Tata Steel's initiatives in the direction of creating sustainable livelihood opportunities for small artisans and rural women include the recently launched 'Karigar - Okhai', a unique handicraft outlet in Jamshedpur. The outlet showcases a blend of traditional handicrafts from the eastern Indian state of Jharkhand and the western Indian state of Gujarat.
Inaugurated on June 20, 2014 by the Chief Guest Mr. Amitava Bakshi, Chief, Procurement, the outlet is a joint initiative between Tata Steel's Urban Services department and Tata Chemicals Society for Rural Development (TCSRD). It brings the best from both - the KARIGAR shop started by Urban Services, Tata Steelin 2002 in Jamshedpur housing handicraft items and the TCSRD's OKHAI brand name that provides income opportunities to over 350 women engaged in making colourful and aesthetically unique pieces of Appliqué Work.

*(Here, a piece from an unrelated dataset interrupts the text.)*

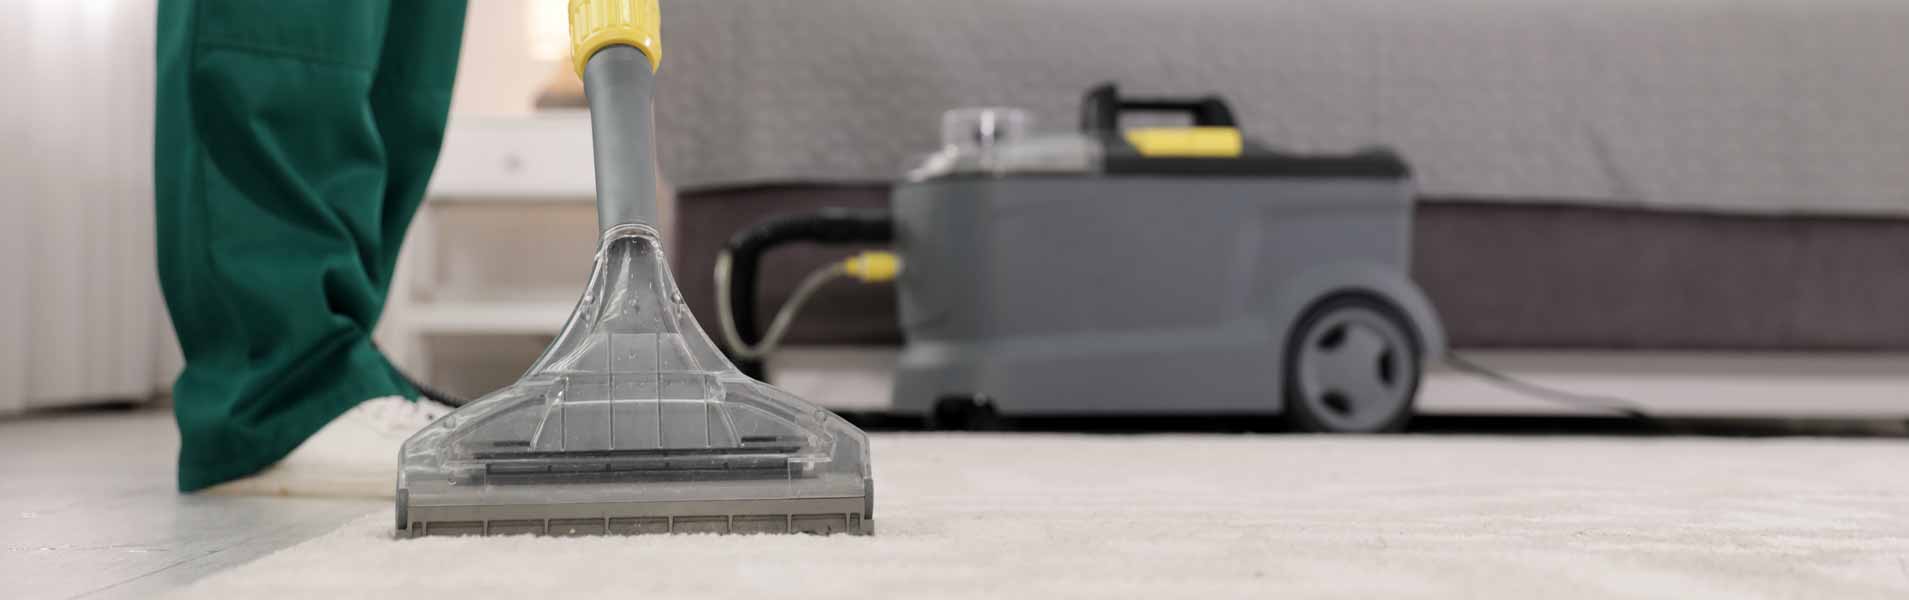 commercial carpet cleaning adelaide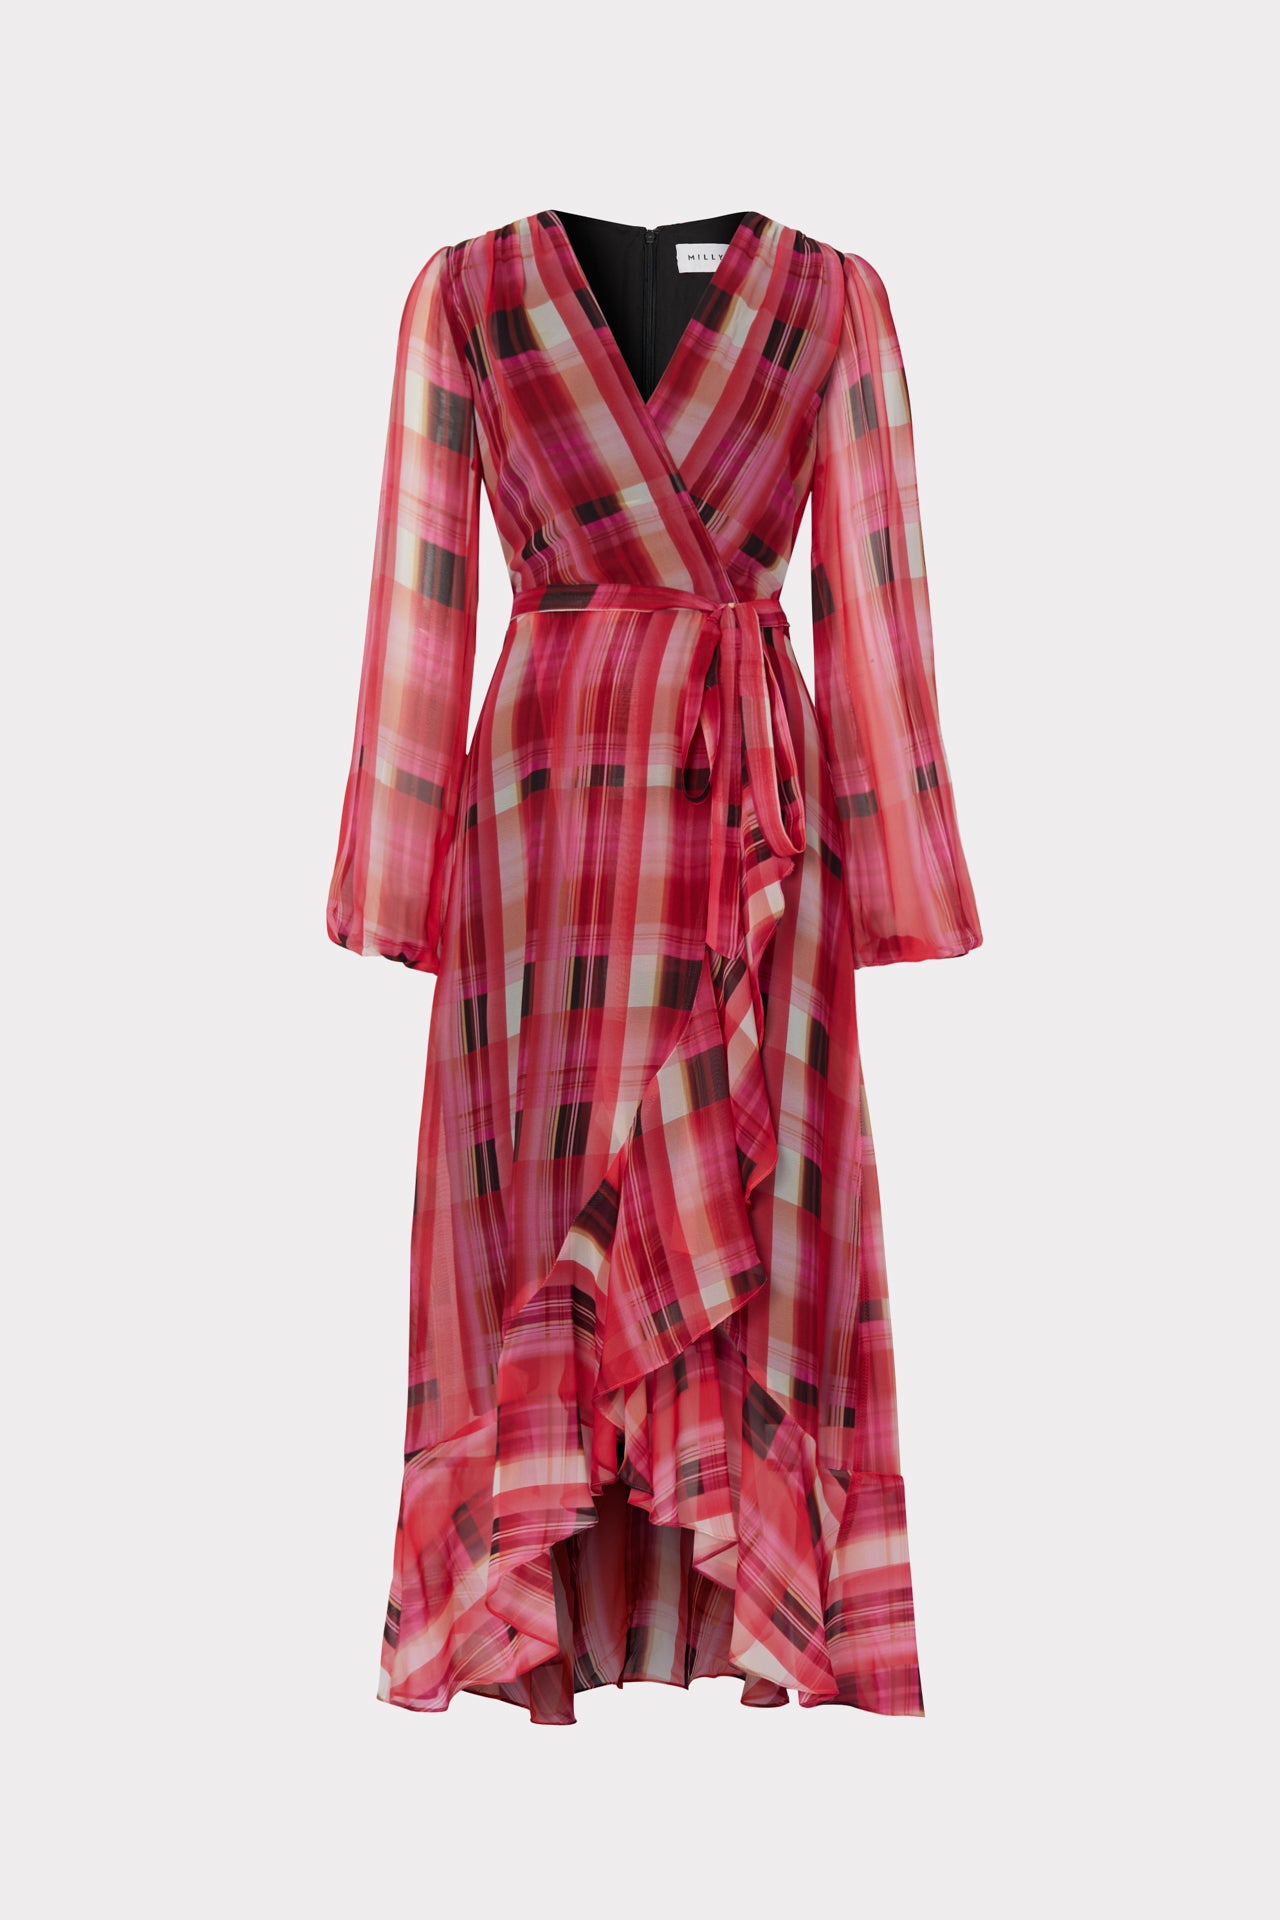 Halley Prep Plaid Sheer Midi Dress in Red | MILLY

A delight for handicraft lovers, 'Karigar - Okhai' is a perfect platform for artisans hailing from socially and economically marginalized communities to present their creativity and earn a livelihood.
The Urban Services Department at the Baridih Centre in Jamshedpur offers a host of vocational training programmes for the development of women, especially those from surrounding ‘bastis’ (urban settlements). The Centre offers skill-building vocational trainings on sewing and design embroidery, mehendi rachna, zari work, fabric painting and personal grooming. These trainings open a new pathway to economic self-reliance, arming these women with a new found skill to earn.
On May 9, 2014, Urban Services organised the Annual Convocation Ceremony of various Women Empowerment Programmes at the Centre. Mrs. Sunita Pathak, eminent community social worker, graced this occasion as the Chief Guest. Mr. R.S. Pandey - Sr. Manager, Urban Services, Mrs. Gurbari Hembram - Manager, Urban Services and members of the Baridih Community Centre also attended the programme. Mrs. Pathak appreciated the initiatives of the Urban Services Department under the Corporate Relations Division of Tata Steel and said that these initiatives empower women to become self-dependent.
90 certificates were distributed to successful students. The programme concluded with a cultural programme by the students. The programme ended with the vote of thanks by the Mr. R.S. Pandey, Sr. Manager, Urban Services, Tata Steel.